Он готов был поклясться, что слышит звуки оркестра, и снова поддался галлюцинации. Ему казалось, что он на кладбище; вокруг разверстые могилы, и из них выскальзывают уродливые тени. Одна за другою они принимают облики прекрасных женщин, между которыми осторожно пробирается панна Изабелла, маня его рукою и взглядом.
Его охватил такой ужас, что он перекрестился; призраки рассеялись.
«Хватит, — подумал он. — Так я с ума сойду…»

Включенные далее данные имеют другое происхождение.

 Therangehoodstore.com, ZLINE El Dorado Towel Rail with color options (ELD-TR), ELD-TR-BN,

И решил забыть о панне Изабелле.
Было уже часа два ночи. В телеграфной конторе горела лампа с зеленым абажуром и слышалось постукивание аппарата. Возле станционного здания прохаживался какой-то человек; завидев Вокульского, он снял шапку.
— Когда идет поезд в Варшаву? — спросил его Вокульский.

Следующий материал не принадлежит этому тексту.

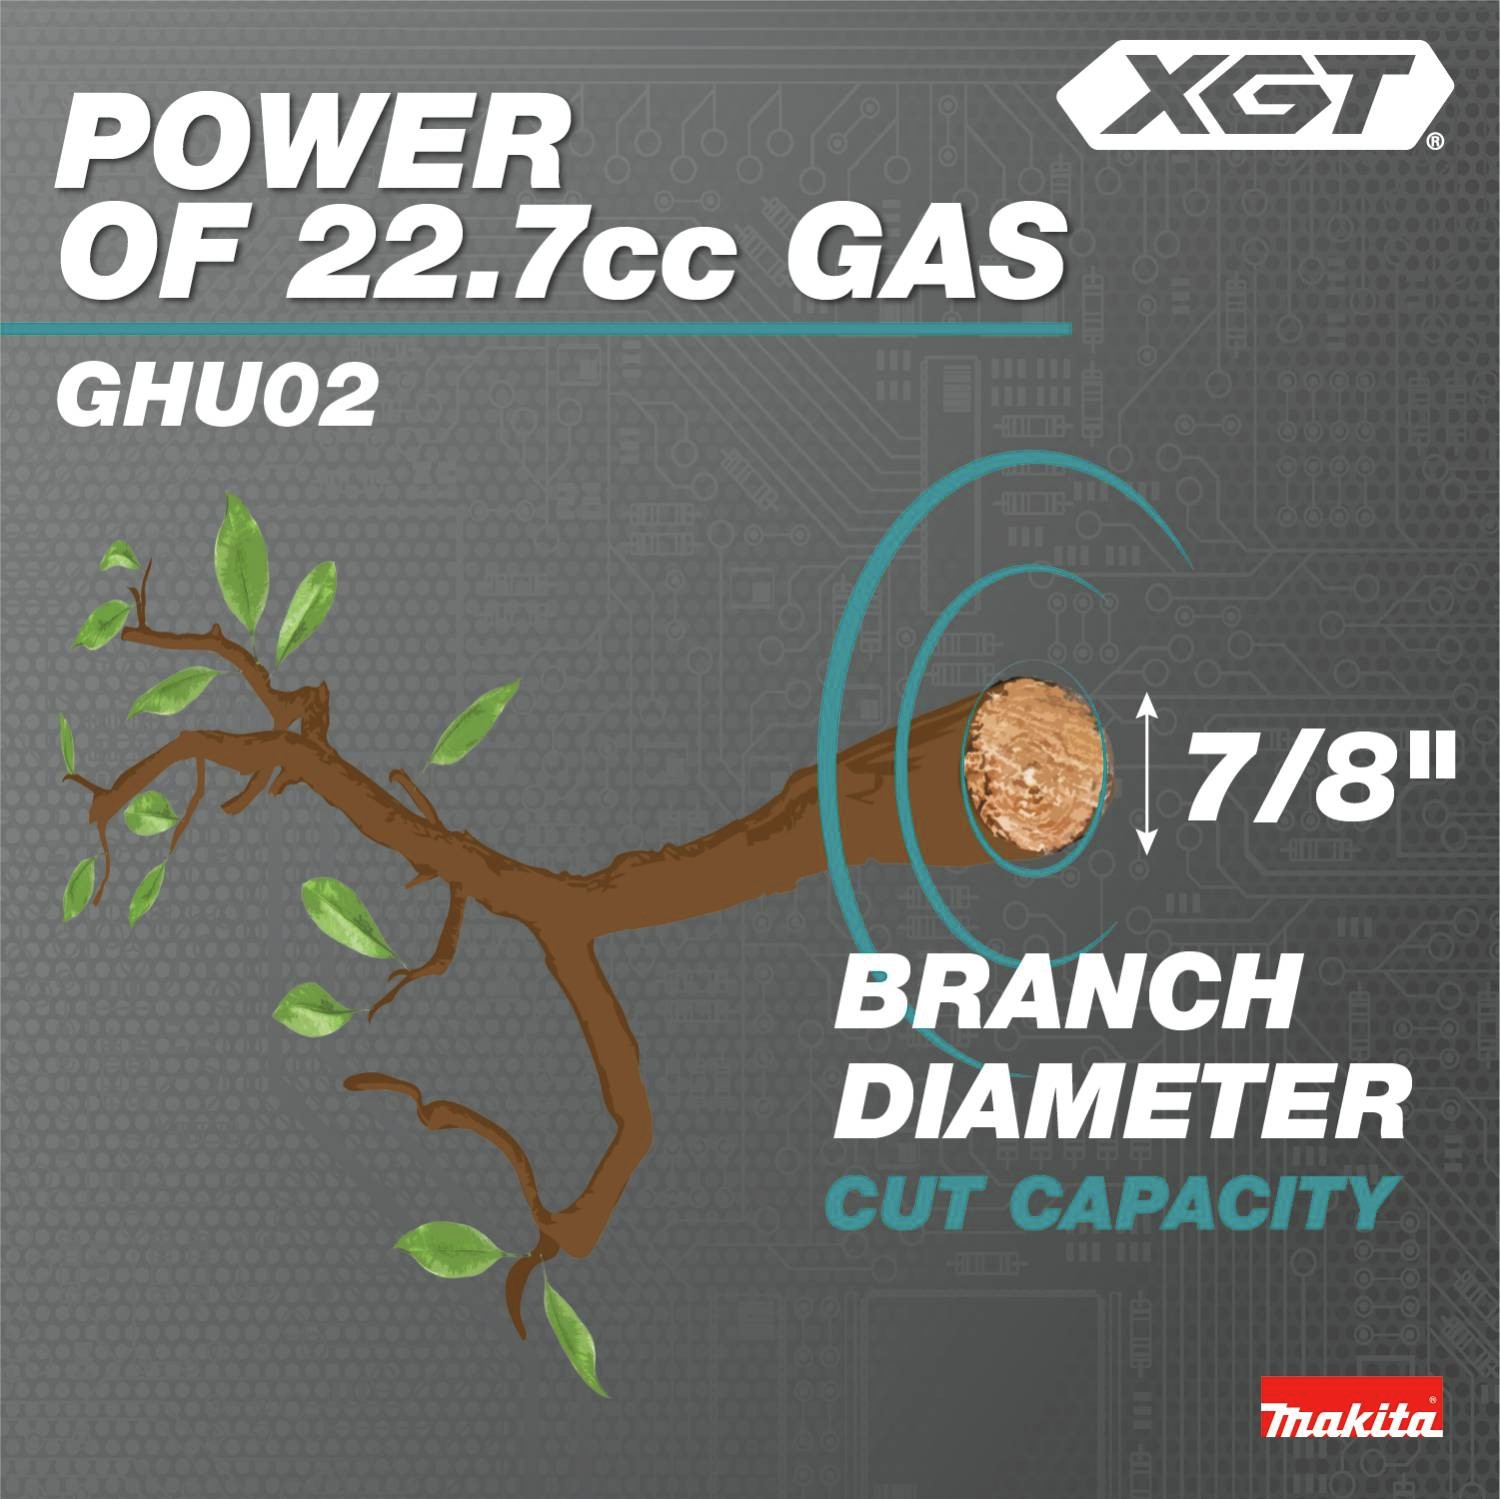 Power of 22.7cc Gas: 7/8 in. branch diameter cut capacity

— В пять часов, ваша милость, — ответил человек и потянулся к его руке, словно хотел ее поцеловать. — Я, ваша милость…
— Только в пять!.. — повторил Вокульский. — Лошадьми можно… А из Варшавы когда?
— Через три четверти часа. Я, ваша милость…
— Через три четверти… — прошептал Вокульский. — Четверти… четверти… — повторил он, чуствуя, что неясно выговаривает букву «р».
Он повернулся спиной к незнакомцу и пошел вдоль насыпи по направлению к Варшаве. Человек посмотрел ему вслед, покачал головой и исчез во мраке.
— Четверти… четверти… — бормотал Вокульский.
«Язык у меня заплетается?.. Какое странное стечение обстоятельств: я учился, чтобы добыть панну Изабеллу, а выучился — чтобы ее лишиться… Или вот Гейст. Ради того он сделал великое открытие и ради того доверил мне священный залог, чтобы пан Старский имел лишний повод для своих поисков… Все она отняла у меня, даже последнюю надежду… Если бы меня сейчас спросили, действительно ли я знал Гейста, видел ли его удивительный металл — я не сумел бы ответить и даже сам сейчас не вполне уверен, не обман ли это воображения… Ах, если б я мог не думать о ней… хоть несколько минут…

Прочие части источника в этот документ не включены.